The survival of juvenile Chinook, coho and steelhead (wild and hatchery) in the Salish Sea has declined, in some cases to less than one tenth of the levels experienced in the 1970’s and 80’s. For some populations, mortality rates in the Salish Sea are so high that less than 15 percent of the fish departing their natal rivers make it to the open ocean, jeopardizing fisheries and making freshwater habitat restoration less effective.

To understand and address the causes of unprecedented levels of juvenile salmon and steelhead mortality in the Salish Sea, LLTK has facilitated the completion of thousands of hours of highly specialized and advanced research from over 200 scientists as part of the Salish Sea Marine Survival Project and Hood Canal Bridge Ecosystem Impact Assessment.  To ensure that everyone can learn from this research in a world seeking increasingly interactive, entertaining, and emotional communication experiences, our community needs an engaging approach to convey our rather complicated scientific understanding.

Our Solution

LLTK and our partners use high-tech acoustic tags to track steelhead migration from their natal rivers in Puget Sound to the Pacific Ocean. Learning where mortality occurs helps determine how fish are dying and provides a framework to address the underlying causes. Recognizing that data gleaned from this tagging process could also be used to create a competitive game that visually demonstrated the problems our research has uncovered, LLTK created Survive the Sound.

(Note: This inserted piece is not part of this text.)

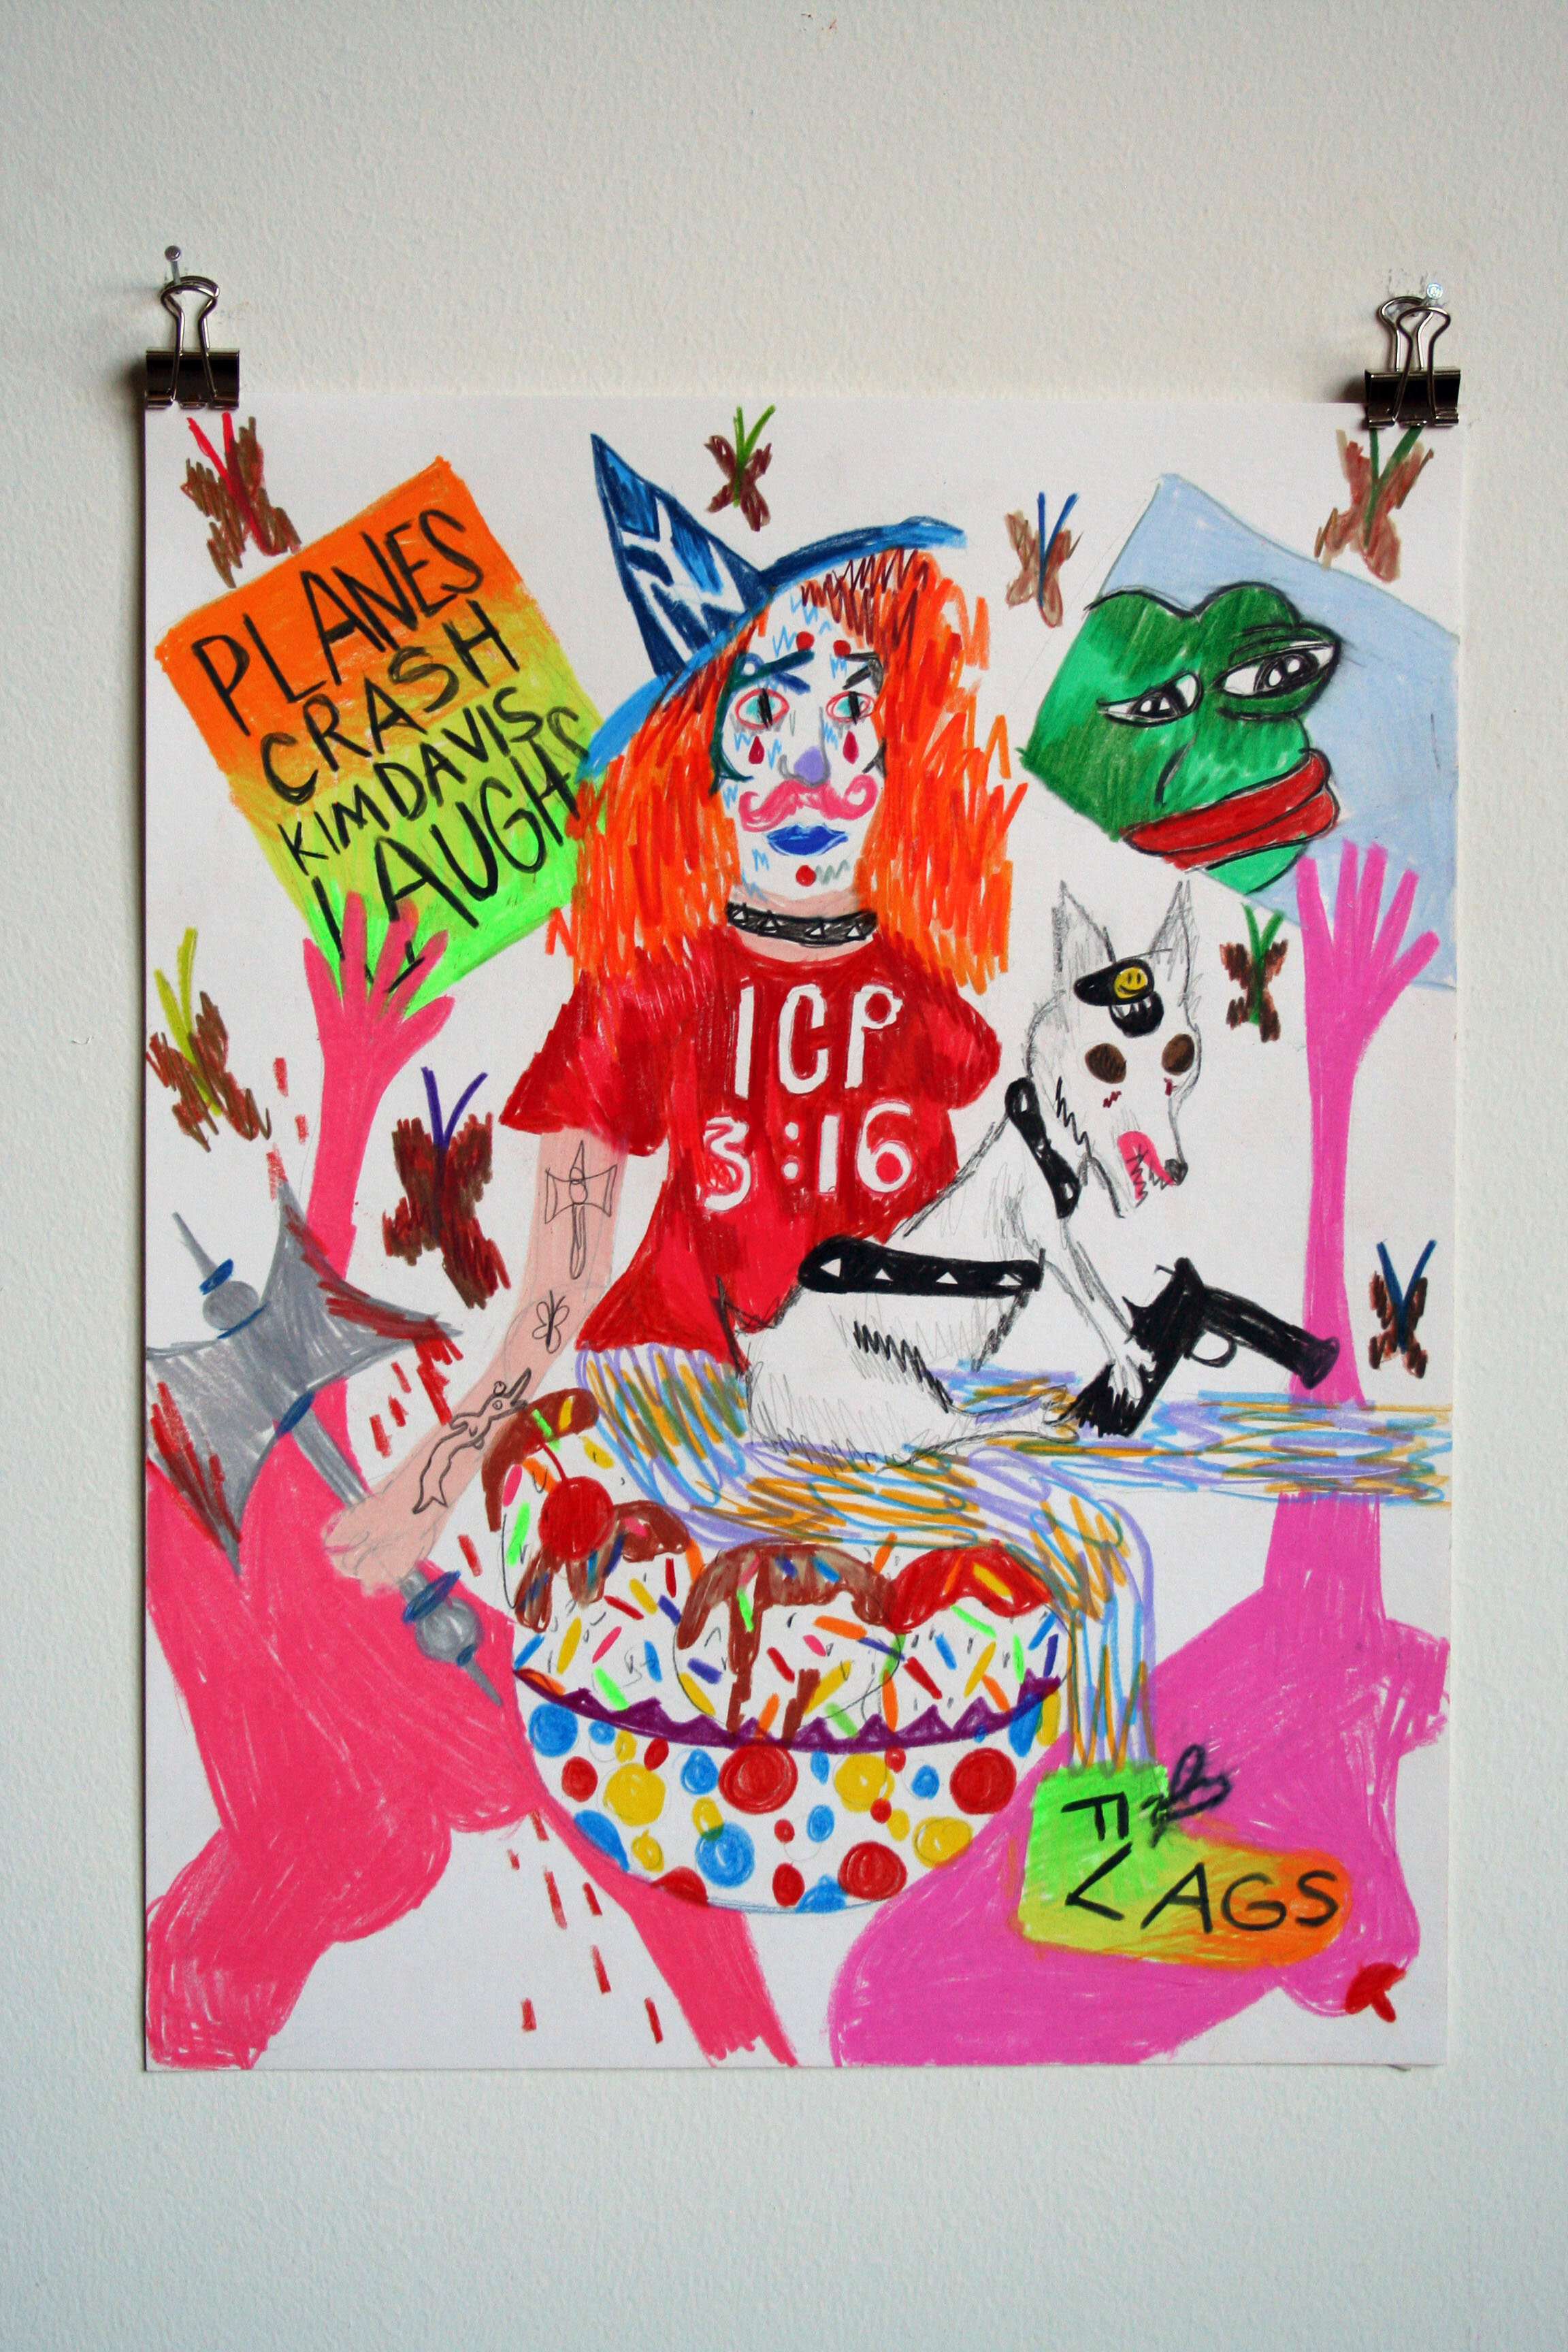   Old Put and OG Bobby Dolphin on the Sundae Throne,  2015  14 x 11 inches (35.56 x 27.94 cm.)  Colored pencil on paper

After the project’s successful pilot year in spring 2017 with the assistance of Paul G. Allen Philanthropies, LLTK partnered with NOAA to create a no-cost educational toolkit for classrooms. The toolkit, combined with other improvements to the game, encouraged local businesses to sponsor the program as an annual campaign. During the 2019 campaign, educators who enrolled in Survive the Sound reported serving up over 200,000 students and participants from the general public increased nearly threefold from the previous year! Impressively, over 90% of participants reported that they were more likely to change their behavior to protect salmon and steelhead after participating in the game.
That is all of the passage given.